Real-world test results are tracked in auto-memory at `test-results.md`. After every manual test of commit message generation (`commitbee --dry-run`), record:

- The staged changes (files, type of change)
- Expected vs actual commit type
- Subject and body quality assessment
- Prompt observations (signatures, connections, evidence flags)
- Any issues (retry warnings, display bugs, misclassifications)
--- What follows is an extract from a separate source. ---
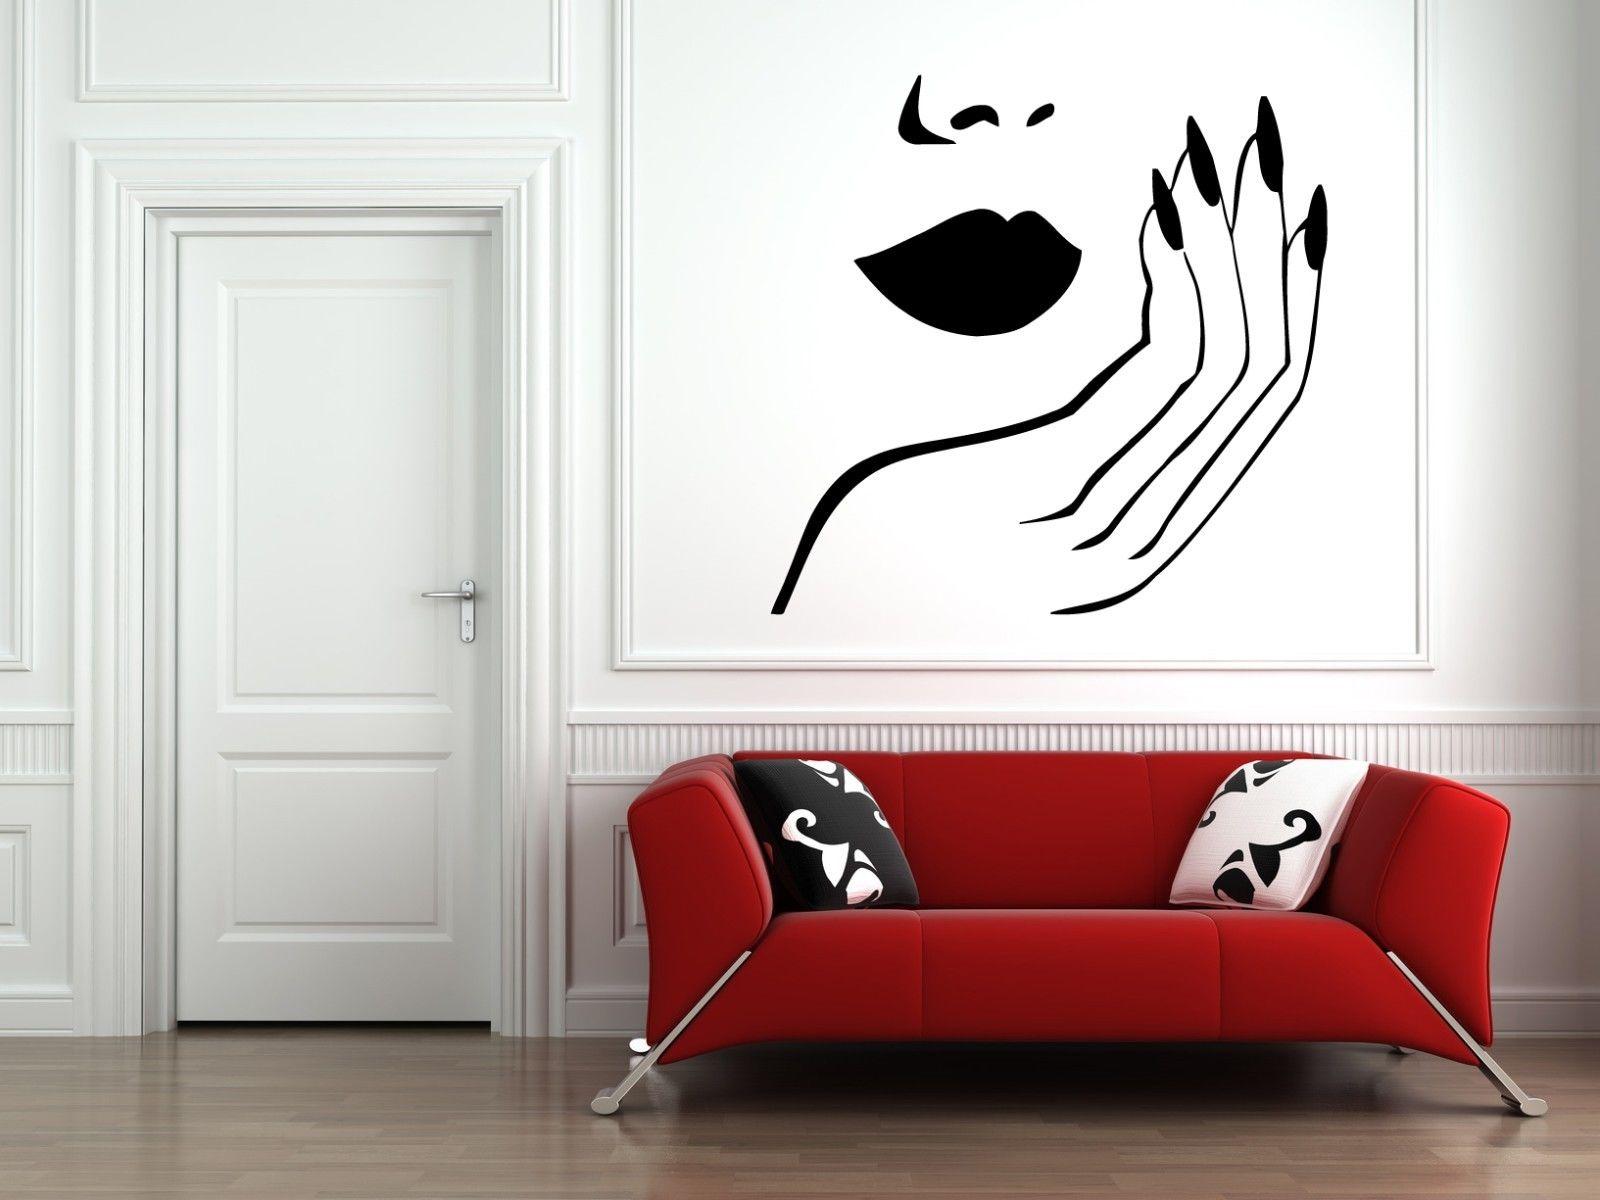 Full Size of Hwhd Wandtattoo Schlafzimmer Nagelstudio Frau Gesicht Lippen Hand Romantische Komplettangebote Vorhänge Komplett Weiß Landhaus Set Rauch Betten Mit Schlafzimmer Wandtattoo Schlafzimmer

Compare new tests against previous results to detect regressions or improvements. The goal is generating fantastic commit messages with small local LLMs (qwen3.5:4b).

### Deferred Issues

A tracked list of review findings, design decisions, and improvement ideas that were identified but deferred lives in auto-memory at `deferred-issues.md`. Rules:

- **Check the list** when starting work on a related area, before releases, and at PRD updates
- **Add new items** when deferring anything from a review, plan, or implementation — every deferred item must be recorded with source, context, and "when to address" criteria
- **Never silently defer** — when deferring issues, explicitly tell the user what is being deferred, why, and when it should be revisited. Present deferred items as decisions that need user acknowledgment, not as internal bookkeeping
- **Close items** by updating status to `Done` with date when addressed

### Documentation Sync

Keep test counts in sync across README.md, DOCS.md, PRD.md, CLAUDE.md (currently 339).